Chapelle-lez-Herlaimont : Bruno Vanhemelryck saisit le ministre des Pouvoirs locaux pour défendre le droit d'initiative des conseillers communaux
À Chapelle-lez-Herlaimont, la rentrée des classes dit aussi rentrée politique. Une fois de plus, l'opposition CAT peste sur la majorité PS et demande l'arbitrage de la Région wallonne. Le conseiller communal Bruno Vanhemelryck (CAT-Action Citoyenne) annonce avoir saisi, le 18 août, le ministre wallon des Pouvoirs locaux François Desquesnes. Au cœur de sa démarche : le droit d'initiative des conseillers communaux et la manière dont leurs propositions sont traitées par les autorités chapelloises.
Le dernier différend porte sur une proposition qui, en apparence, n'a rien de révolutionnaire : l'installation de plusieurs bancs publics adaptés dans le parc Jaubert, notamment pour répondre aux demandes d'habitants âgés du quartier.
Le 22 juillet, Bruno Vanhemelryck avait transmis cette proposition au bourgmestre afin qu'elle puisse être examinée lors du conseil communal de septembre. "Mais, le 18 août, le bourgmestre et la directrice générale m'ont répondu qu'un point complémentaire ne pouvait être valablement introduit qu'après l'arrêt de l'ordre du jour initial par le collège communal. Selon leur courrier, une demande formulée auparavant ne pouvait, par nature, produire d'effet juridique".
Une interprétation que le conseiller communal conteste et dont il demande désormais au ministre une clarification officielle.
Trois épisodes en quelques mois
Car, selon Bruno Vanhemelryck, le problème ne se limite pas au parc Jaubert. Il affirme avoir rencontré des difficultés similaires en avril et en juin derniers.
En avril, une proposition déposée en vue du conseil communal du 20 avril n'avait initialement pas été reprise à l'ordre du jour. Après contestation, elle avait finalement été communiquée aux conseillers.
En juin, une difficulté comparable s'était produite pour la séance du 29 juin. Les autorités communales avaient déjà avancé l'interprétation selon laquelle un point complémentaire ne pouvait être introduit qu'après l'arrêt de l'ordre du jour initial. Une première réclamation auprès de la tutelle avait alors été introduite.
Cette école de Braine-le-Comte se cherche un nouveau nom : Les citoyens invités à soumettre leurs idéesEt, en août, le même raisonnement a été opposé à la proposition concernant les bancs du parc Jaubert.

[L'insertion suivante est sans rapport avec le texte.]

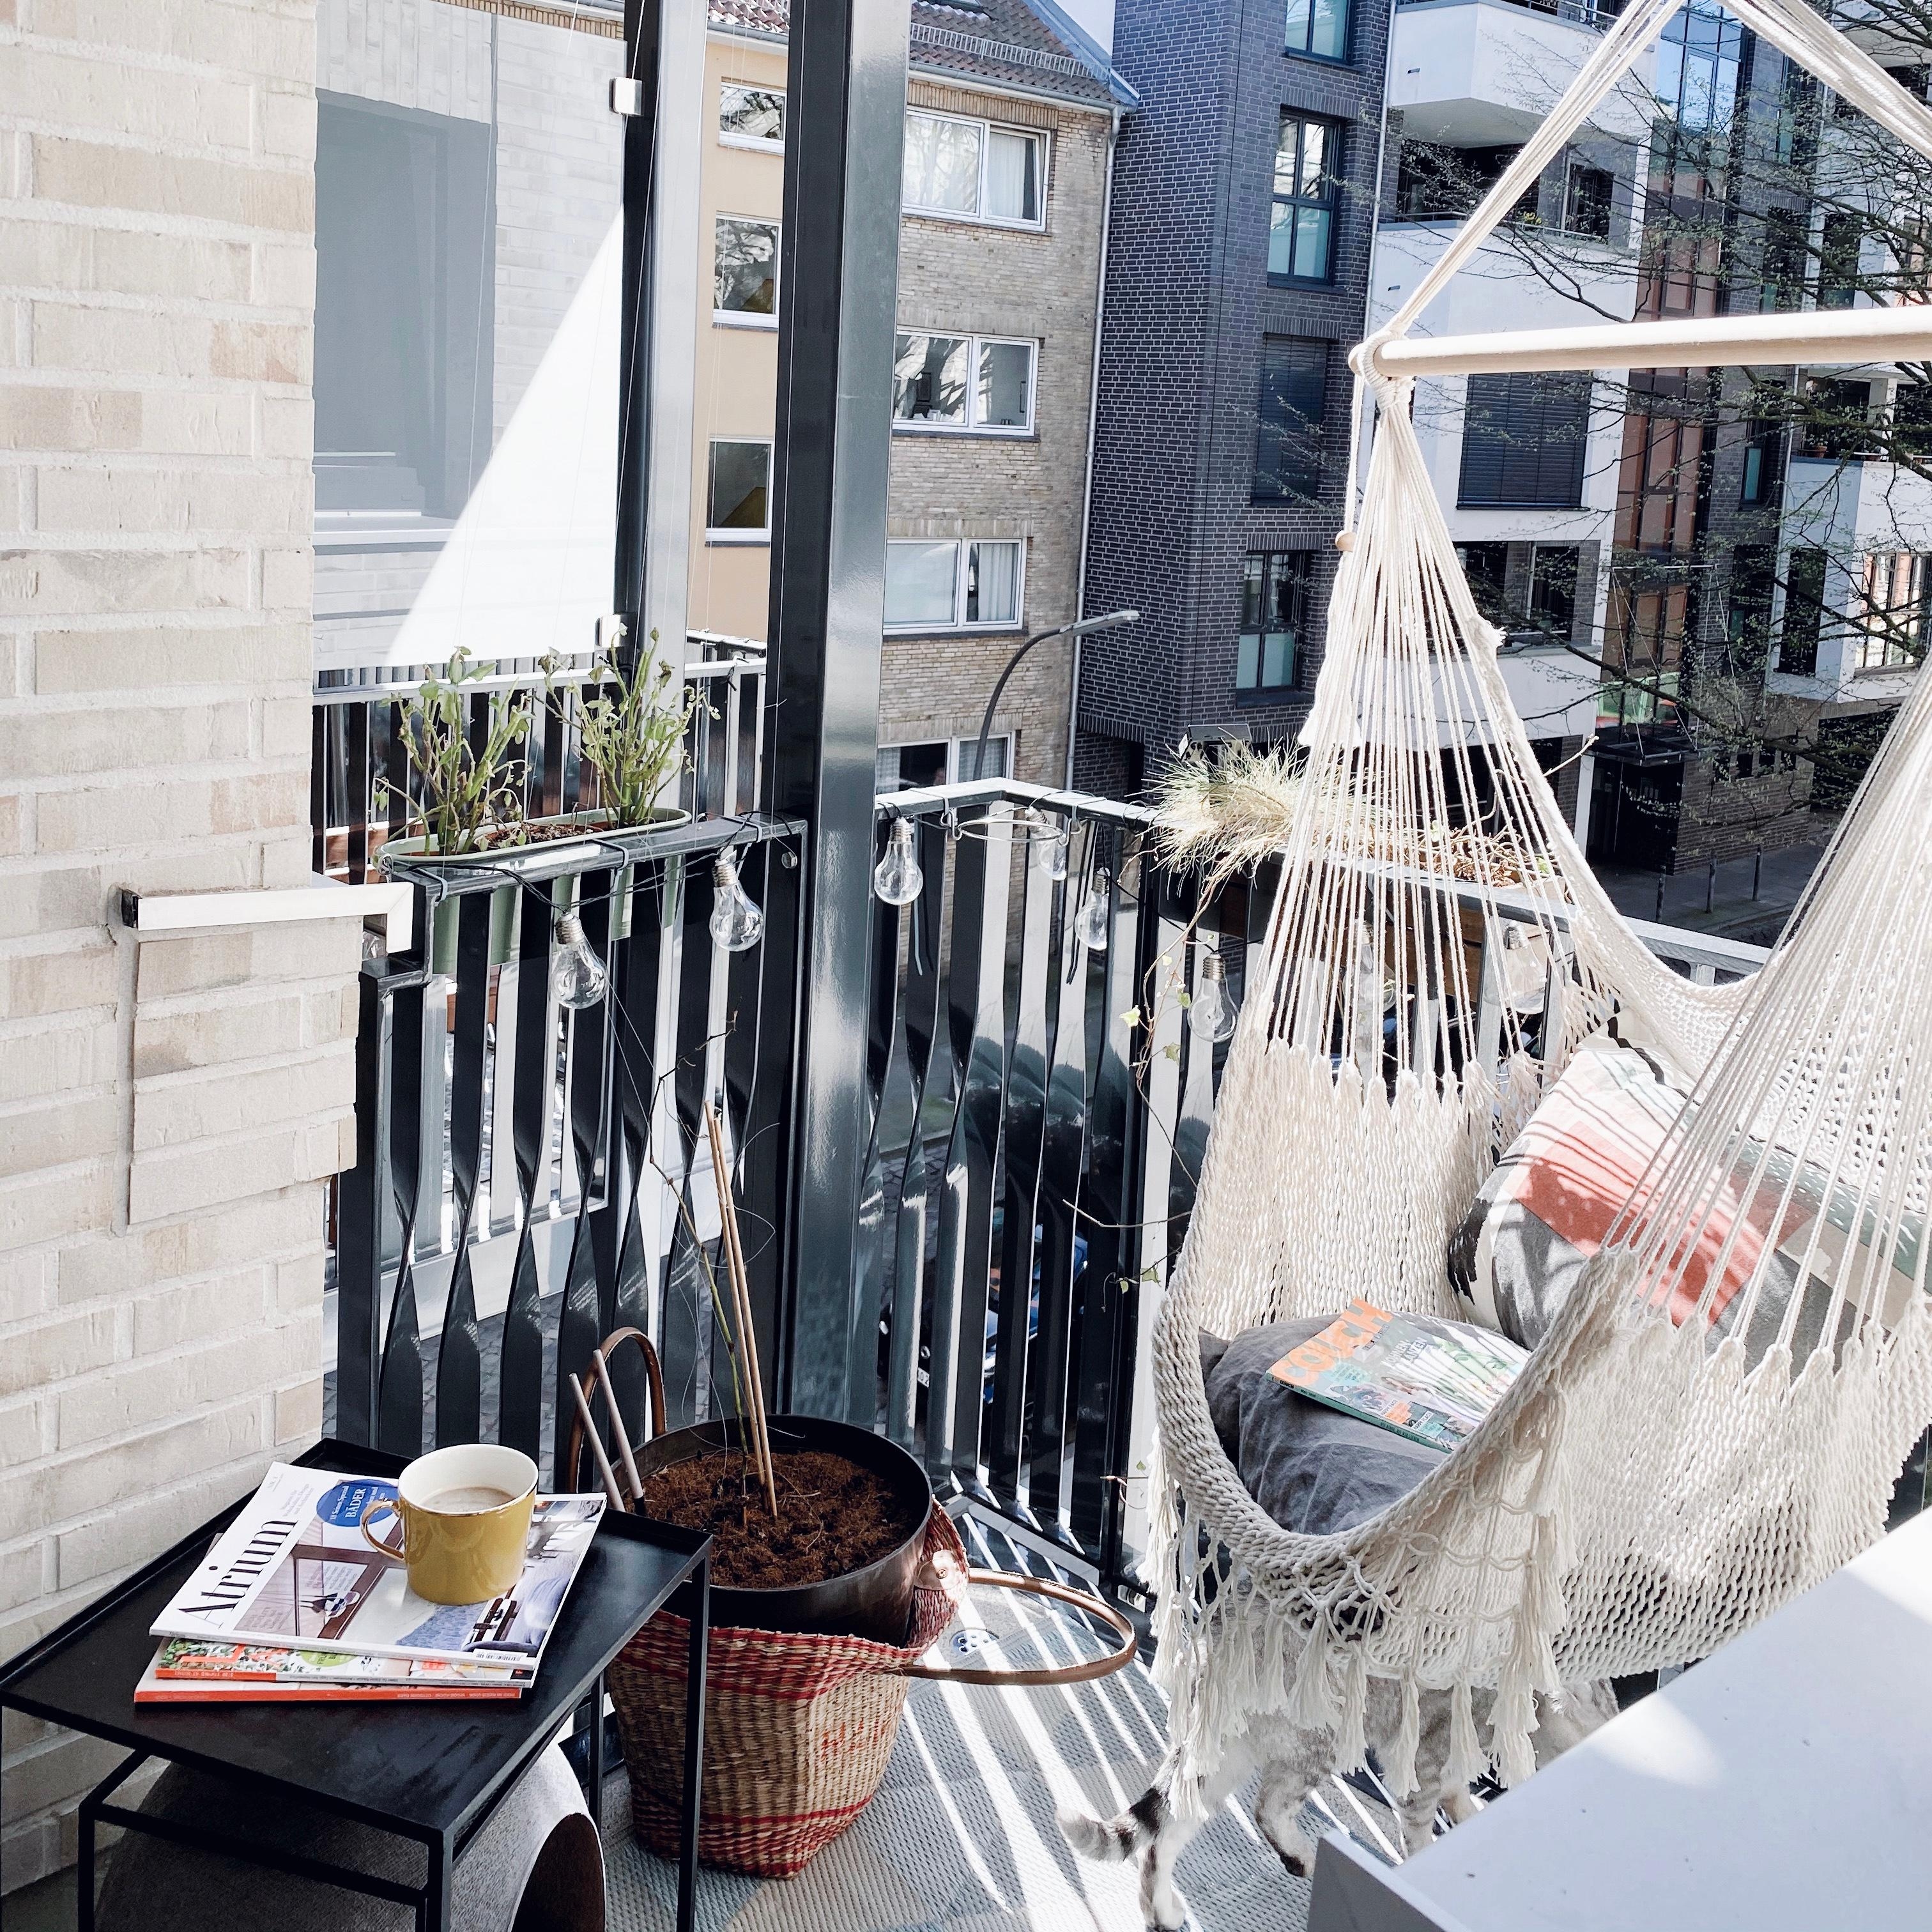 Endlich wieder Zeit für #balkon & #hängesessel #summervibes #balkoninspo

Pour le conseiller CAT, cette répétition justifie désormais un examen global par la Région wallonne. "Le droit d'initiative ne peut devenir un parcours d'obstacles", estime-t-il.
Le Code wallon de la Démocratie locale et de la Décentralisation reconnaît aux conseillers communaux le droit de soumettre des points à l'ordre du jour, sous réserve du respect des conditions prévues par la législation. Le règlement d'ordre intérieur du conseil chapellois encadre également cette possibilité.
La question posée au ministre est donc de savoir ce qu'il advient d'une proposition transmise avant que le collège communal n'ait arrêté l'ordre du jour initial. Peut-elle être prise en considération par le collège et éventuellement intégrée à cet ordre du jour ? Et si elle ne l'est pas, le conseiller peut-il ensuite la réintroduire dans le respect des formalités légales ?
Bruno Vanhemelryck s'appuie notamment sur une réponse ministérielle de 2010, qu'il juge plus nuancée que l'interprétation actuellement appliquée à Chapelle. Il invoque également une réponse parlementaire du 17 février 2026, dans laquelle le ministre rappelait que chaque conseiller dispose d'un droit d'initiative et qu'une éventuelle irrecevabilité doit être dûment motivée et communiquée au déposant.
"Je ne demande aucune faveur"
Dans le dossier du parc Jaubert, le conseiller affirme n'avoir reçu ni délibération du collège déclarant formellement sa proposition irrecevable, ni motivation collégiale détaillée.
Il demande donc au ministre d'obtenir l'intégralité du dossier administratif, de déterminer si le courrier du 18 août constitue une véritable décision d'irrecevabilité et, le cas échéant, d'exiger une décision collégiale motivée. Il souhaite également que les épisodes d'avril, juin et août soient examinés ensemble afin de déterminer s'ils révèlent une difficulté structurelle.
Il demande enfin que sa proposition concernant le parc Jaubert puisse être soumise au conseil communal de septembre sans être écartée pour un nouveau motif procédural.
"Je ne demande aucune faveur. Je demande exclusivement que les règles du jeu démocratique local soient claires, stables, prévisibles et appliquées de manière cohérente", insiste Bruno Vanhemelryck. "C'est la démocratie. Ce qui doit être garanti, c'est que le débat puisse avoir lieu dans un cadre procédural clair et identique pour tous."